Constable Xaba, who lives in Boipatong, said he was woken up by gunshots at about 11pm on the night of the massacre. He went outside, he said, and saw four Casspir armoured personnel-carriers and more than 50 armed men wearing headbands. 'I saw two people wearing headbands walking ahead of one Casspir carrying guns. They were shouting 'This is our day]' in Zulu. The Casspir was not chasing them.'

Early the next morning he and eight other Boipatong-based policemen gathered on a street corner to discuss the previous night's events. 'Suddenly a red 'kombi' van appeared. Inside it were young men with guns. 'Here are the police]' they shouted. Then they jumped out and came after us. We fled in all directions.'

He went home where he met his elder brother, who is also a policeman. He said the ANC 'comrades' had burnt down his house. 'I thought: I have to leave the township.' He went home, gathered his things and, on his way out, a group of 'comrades' surrounded him and asked for his gun. 'I said, 'If I had a gun I'd shoot you'.' Then, somehow, he fled to neighbouring Sebokeng.

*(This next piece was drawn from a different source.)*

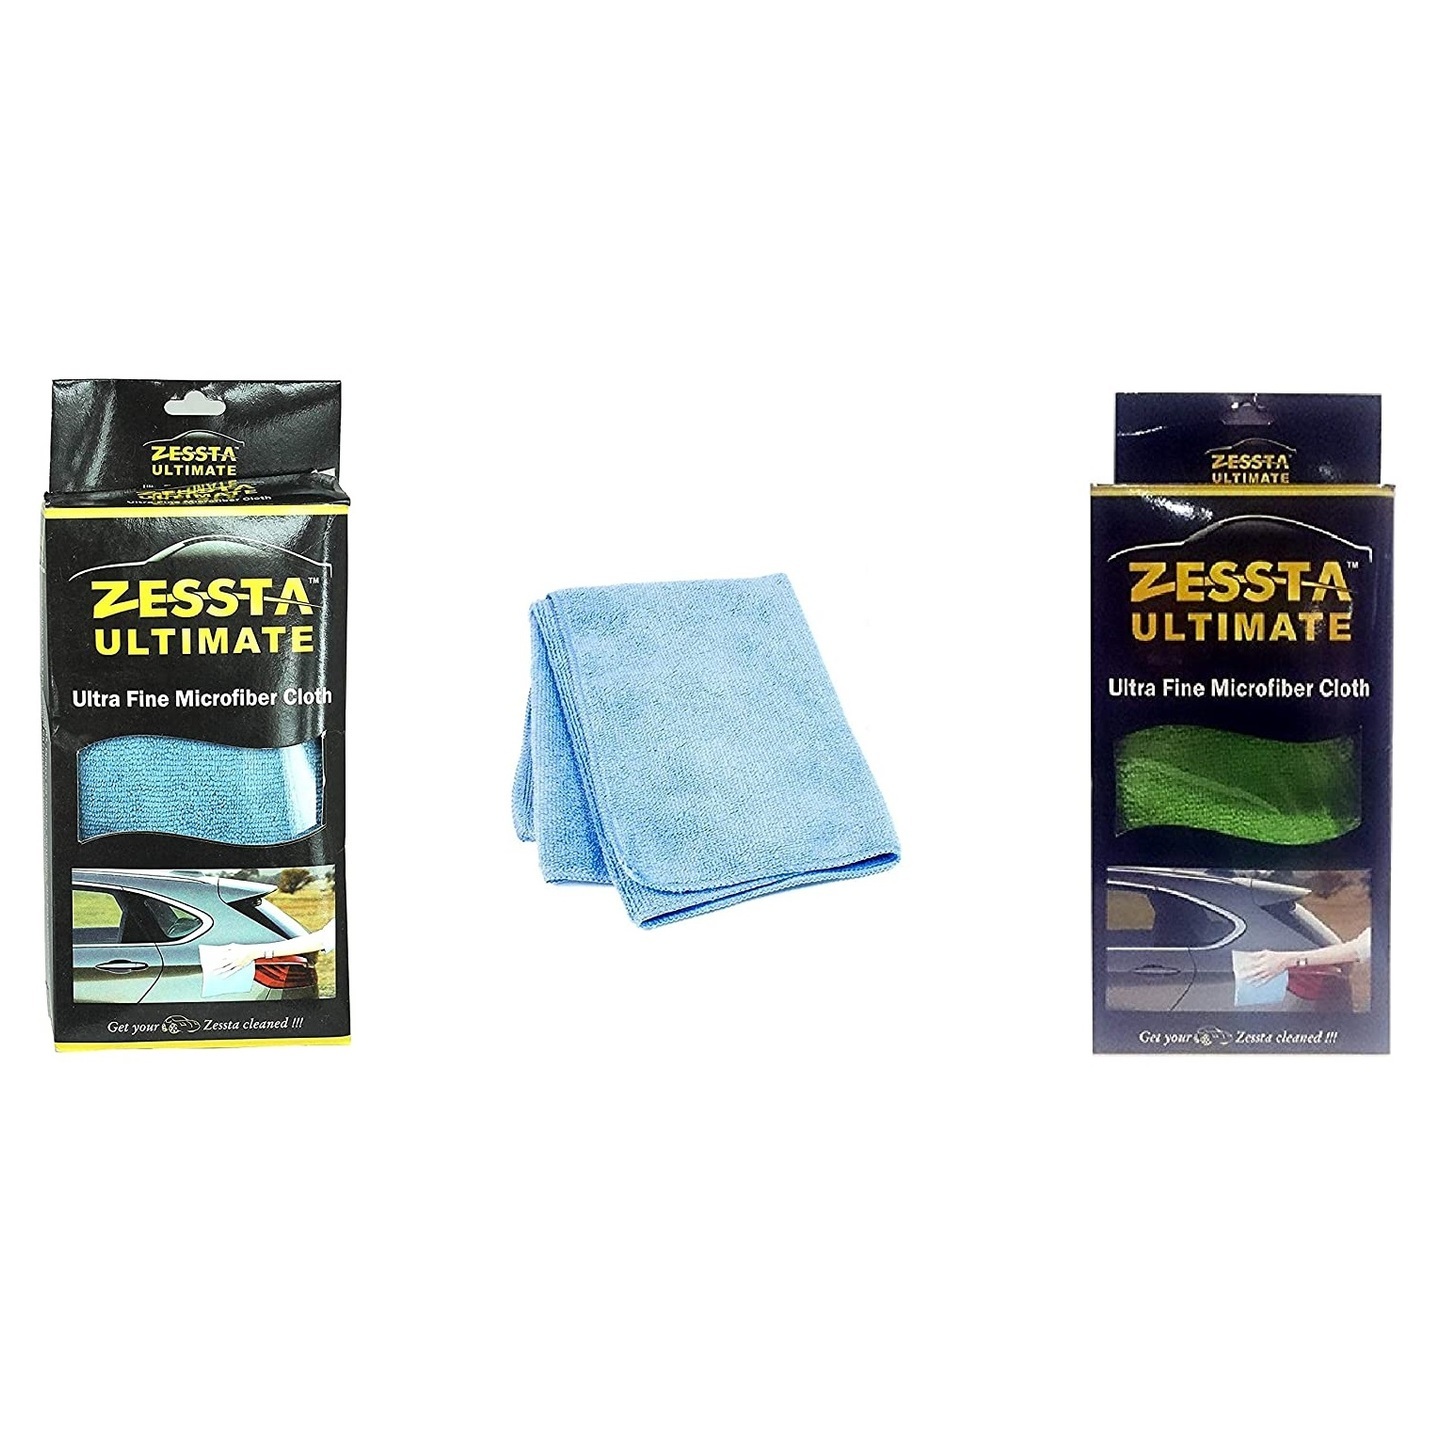 ZESSTA Ultra fine Microfiber Cloth 400 GSM 40 cm x 40 cm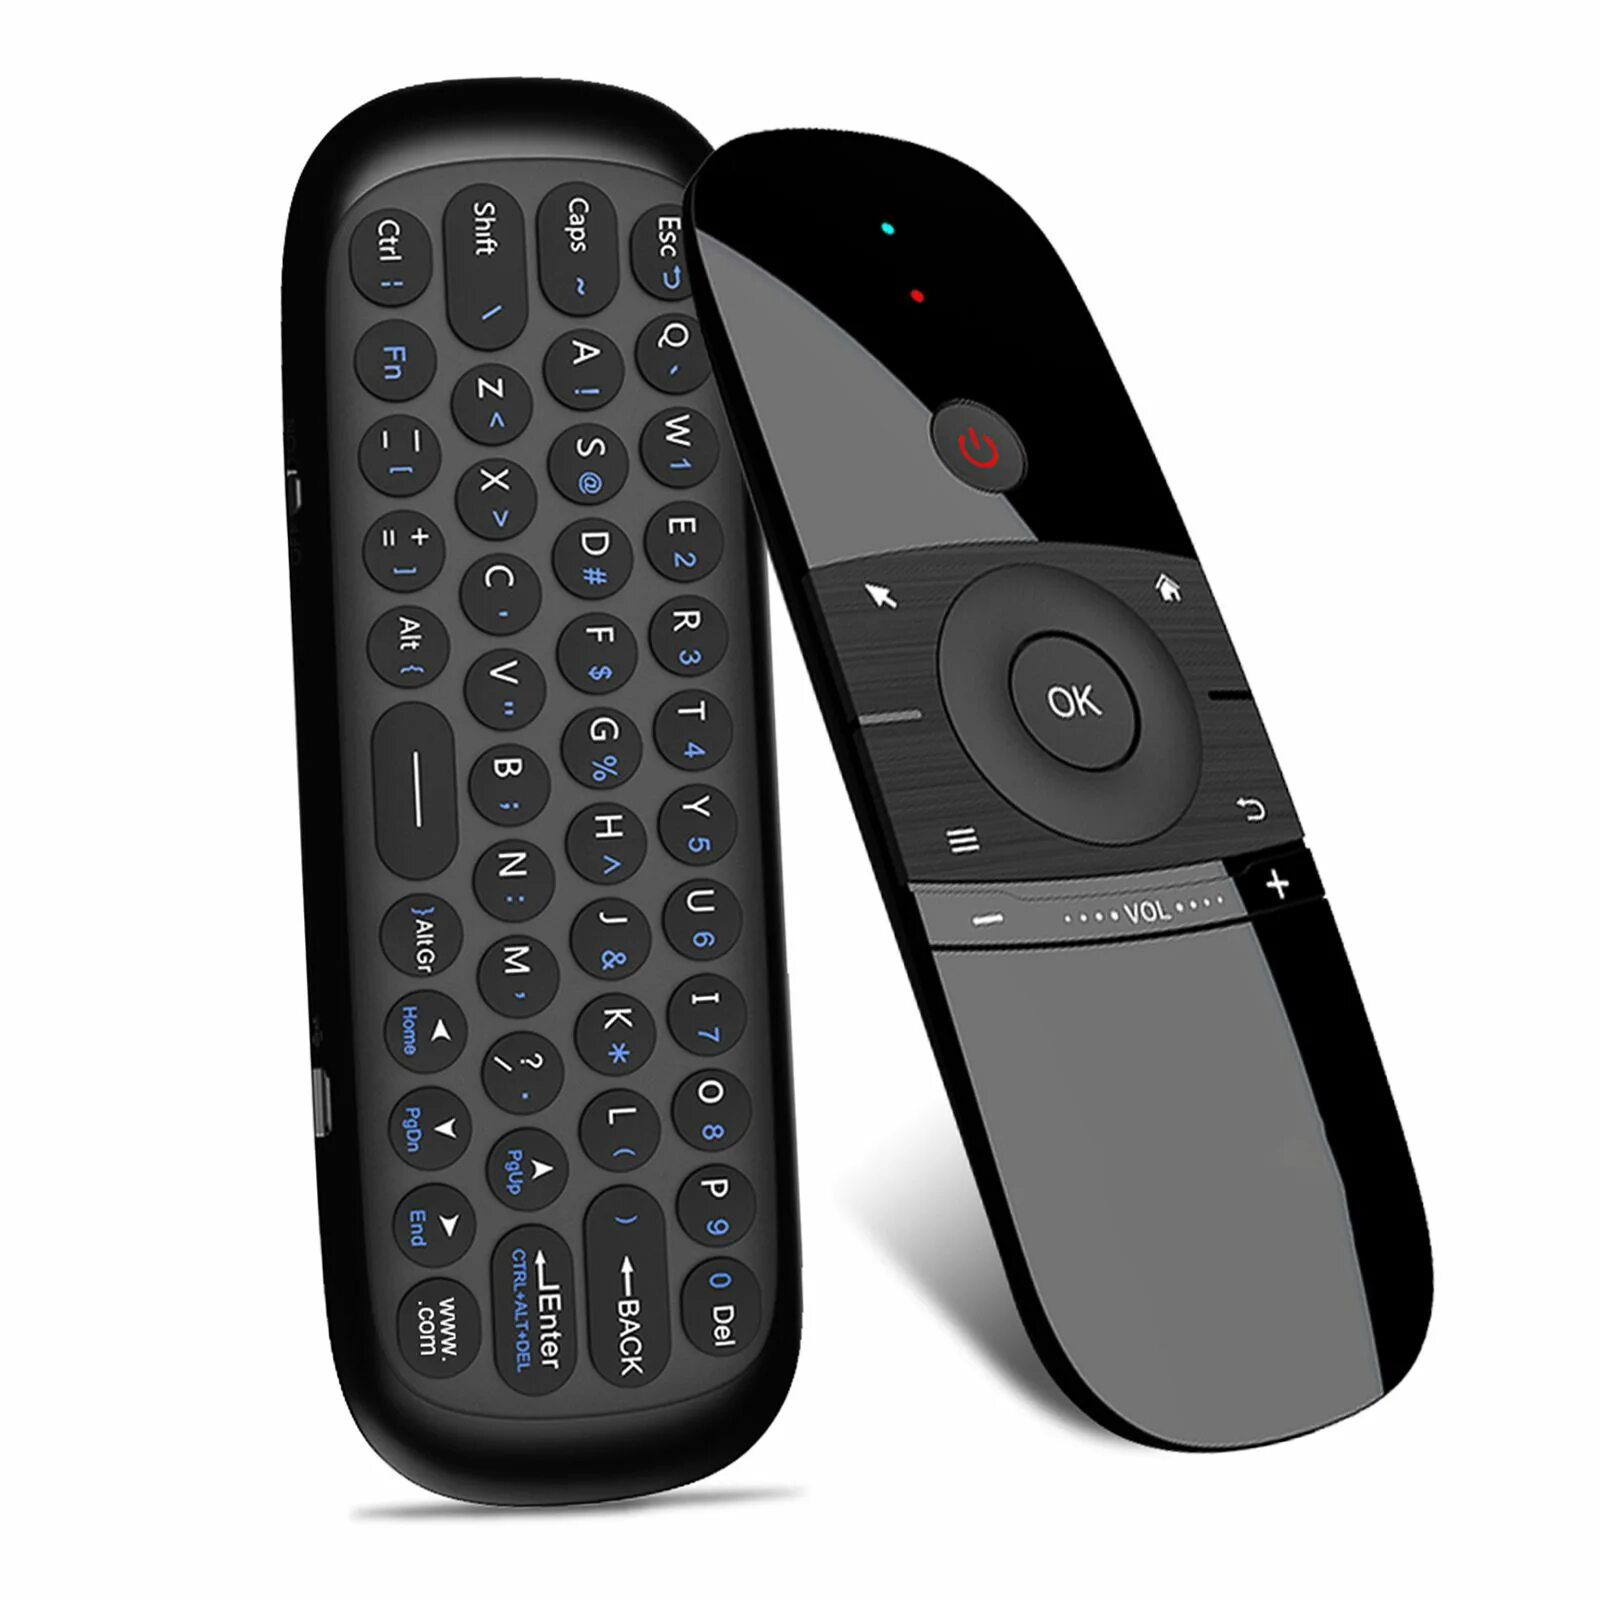 Пульт w1 Air Mouse. W1 2.4g Wireless Keyboard Air Mouse Smart Remote Control for Android TV Box PC. Air Mouse аэромышь w1. Пульт аэромышь для смарт ТВ. Телевизор пульт мышь

Later that day a large group of black policemen from the region gathered to air their grievances. 'People complained that we were not given guns when we had to live in dangerous townships. I said: 'I fear the police. I've just seen something I can't believe.' '

But he went ahead later and gave a statement to a police officer recounting what he had seen on the night of the massacre. Some days later a meeting was held by the Boipatong civic association at which it was agreed to readmit the black policemen to the township.

In a rather different spirit, he was then summoned to a police station near Boipatong for a meeting with a white police captain. 'He told me to correct mistakes in my statement. He said that my making mention of 11pm was a mistake. I should change it to nine. I said I was not prepared to change the time. I asked him why he wanted to change the statement, maybe because he was present at the township?

'He said he was going to 'donder' me, because I was lying.' 'Donder' is 'beat up' in Afrikaans - which the captain, in the end, refrained from doing.

Constable Xaba was asked by a lawyer at the end of his testimony if he had found the experience easy. 'It is not easy to give evidence like this. I am afraid.'

Why? 'I have seen bad treatment from the police . . . I think something can happen to me because what I've said does not please many people.'

JOHANNESBURG - The ANC said yesterday it would not resume negotiations with the South African government, dashing hopes for an early revival of talks on democracy, Reuter reports. The ANC had said on Thursday night that it would not go back to the multi-party talks on a democratic constitution suspended in June until 14 demands on ending violence and achieving majority rule were met.

It said a meeting last Sunday between the two sides produced no agreement on the demands.

The Weekly Mail newspaper reported yesterday that an ANC inquiry into charges that dissidents were tortured by its officials in camps in other countries during the 1980s has uncovered 'shocking abuses'.